What’s Up With Mobile—Why Won’t It Convert?

michael maceVice President of Product Marketing, Michael Mace“At UserTesting, we’ve been analyzing this problem for years. In thousands of user tests by e-tailers big and small, we see three recurring conversion problems:

  • Some of the problem is inherent to mobile. There are indeed some features of mobile devices, especially smartphones, that discourage purchasing. But that’s not the dominant factor. Much more important are:
  • The purchasing experience on mobile devices is poor, because we as an industry haven’t adapted our sites to the needs of mobile, and
  • In many cases, mobile sales actually do convert, but our current tracking technologies don’t let us see it.”
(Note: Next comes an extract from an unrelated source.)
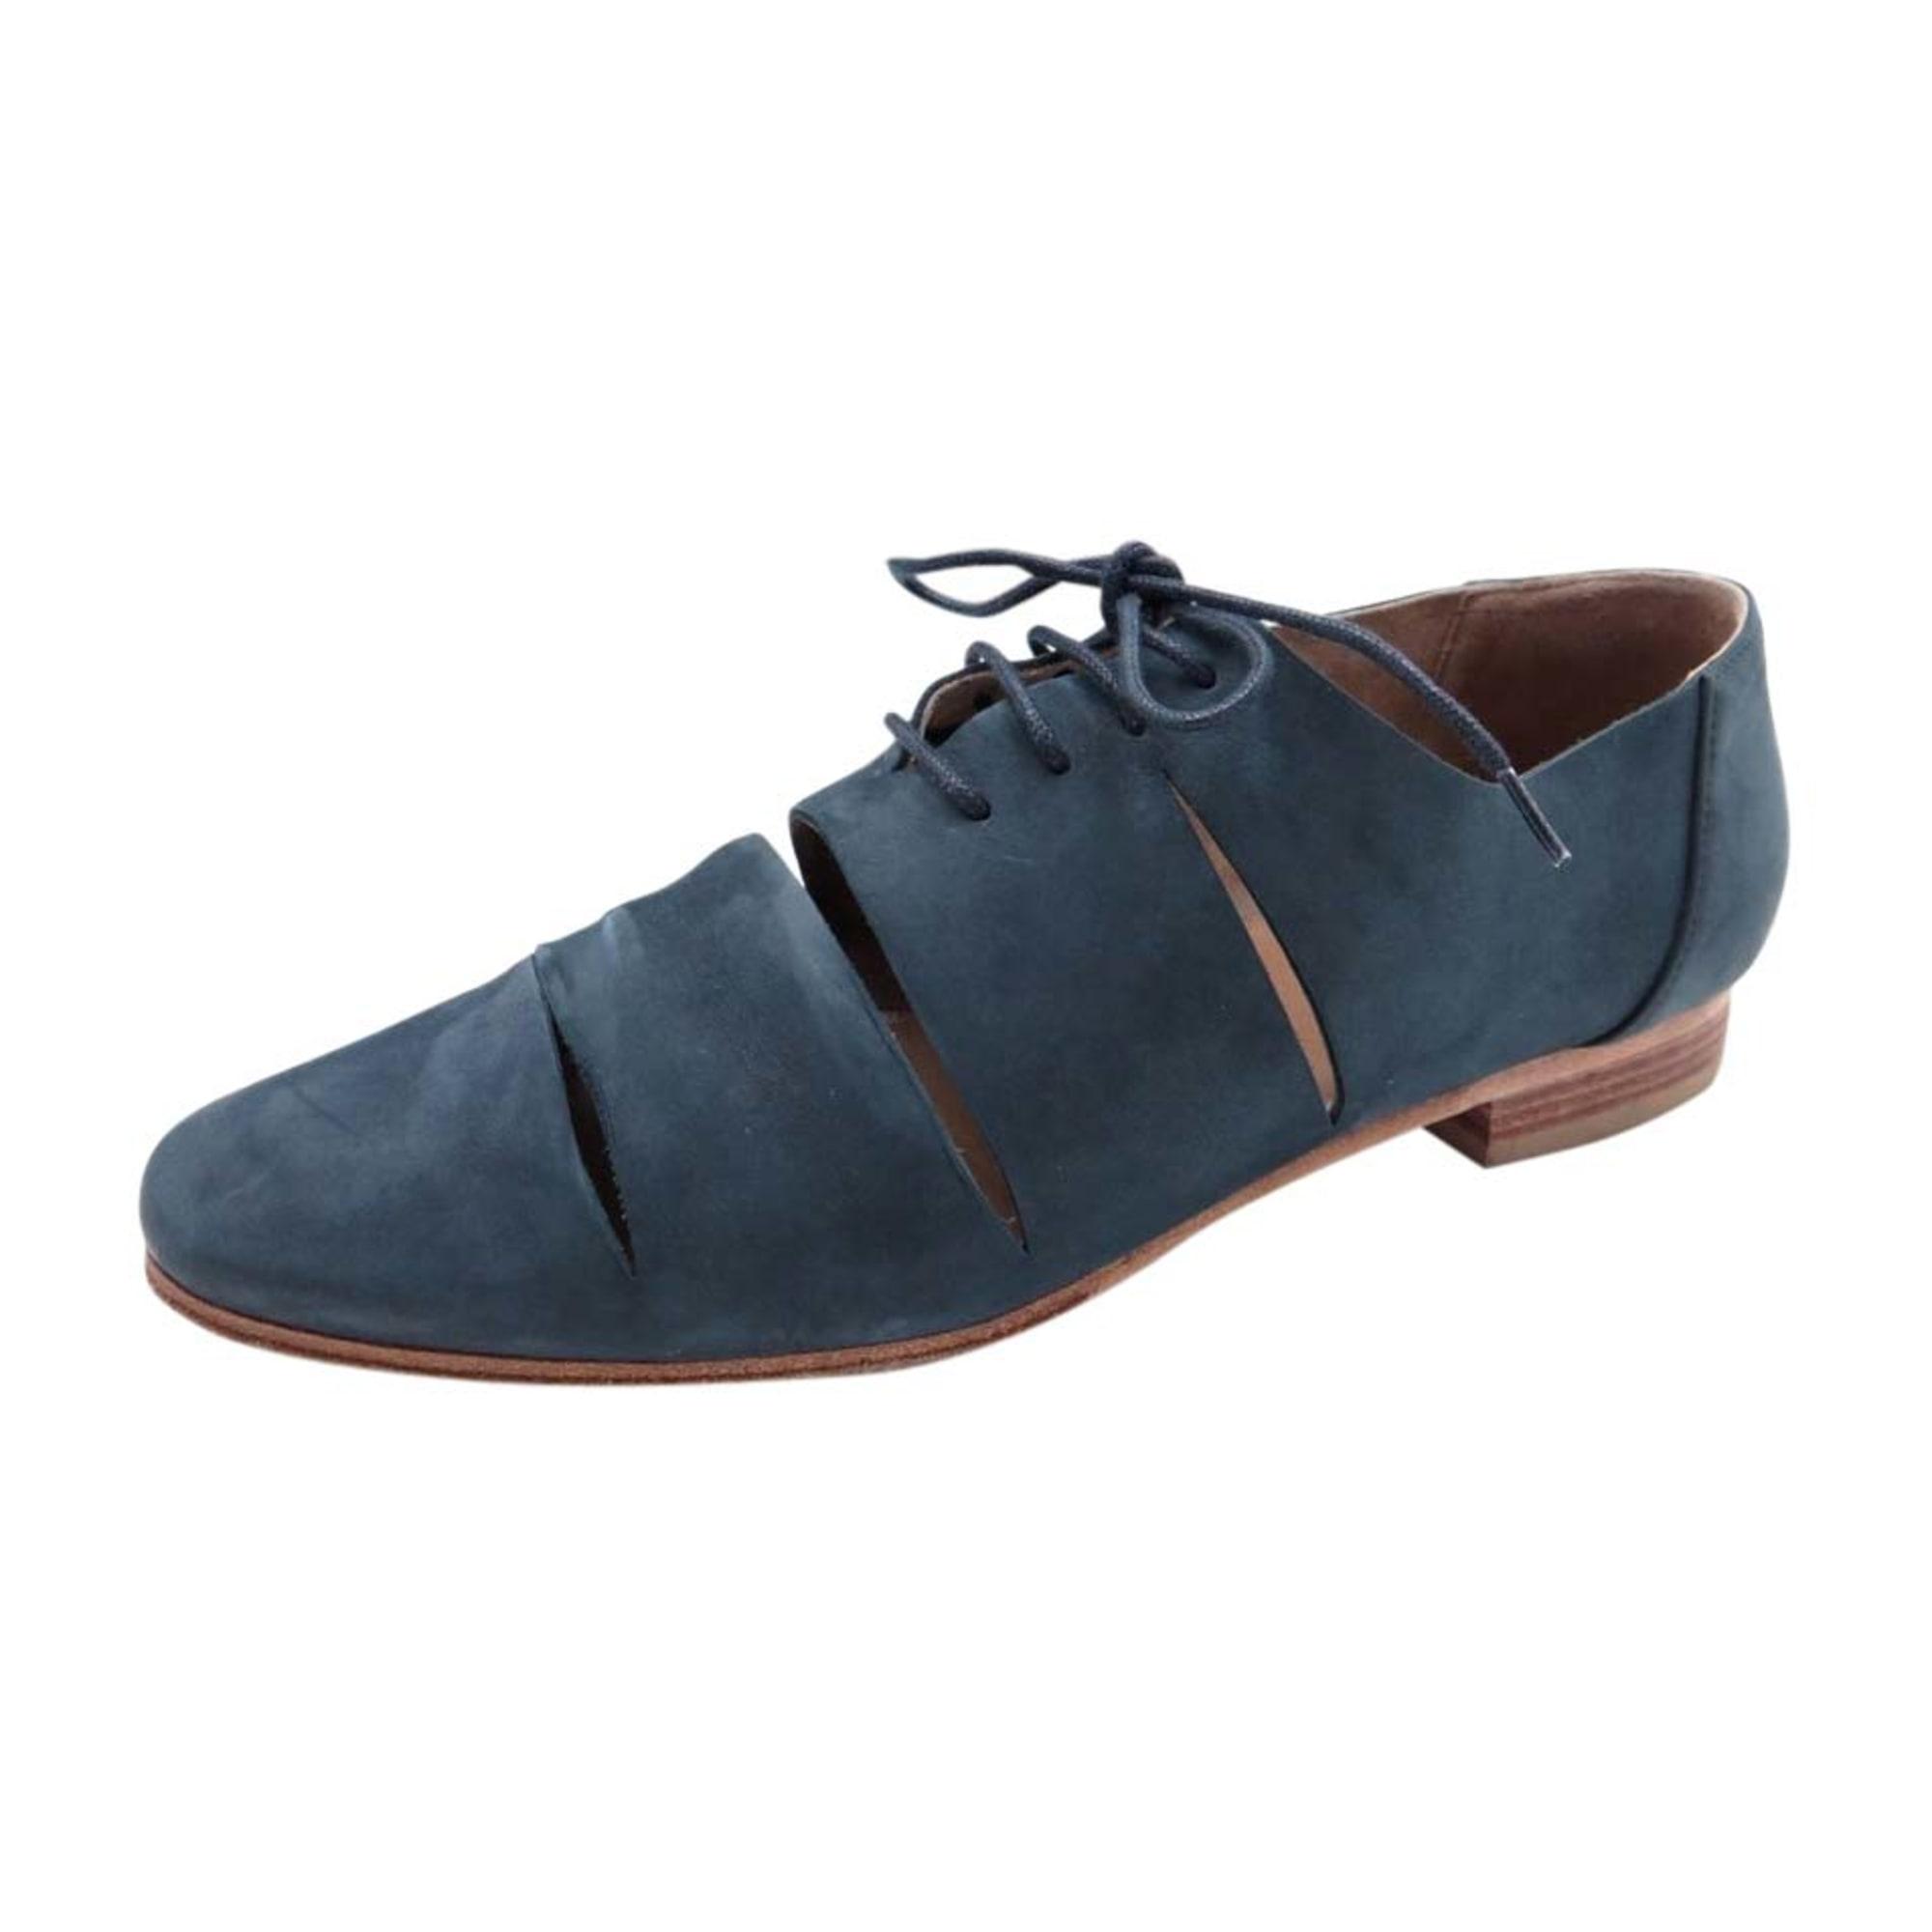 Chaussures à lacets HERMÈS Bleu, bleu marine, bleu turquoise 08f1adfe3c3

Smaller Screens Aren’t Ideal For Shopping

This is an obvious difference and not one that you can do a whole lot about; it’s just the nature of the beast. Personal computers offer a lot more screen real estate to users, allowing them to access reviews and additional images and make side-by-side comparisons with greater ease than on their mobile devices.
Switching from page to page on smartphones can be clumsy whereas on devices with larger screens, users have the luxury of being able to “spread out,” easily switching from tab to tab so they can find the information they need to make an informed buying decision.
User tests have shown that “it’s common for people to get partway through the purchasing process on a smartphone, and then stop and say they’ll make the final purchase on a personal computer, where more information is available,” says Michael Mace. According to a Google study, The New Multi-screen World, “65% of people start shopping on a smartphone & 61% will continue the shopping experience on the computer.”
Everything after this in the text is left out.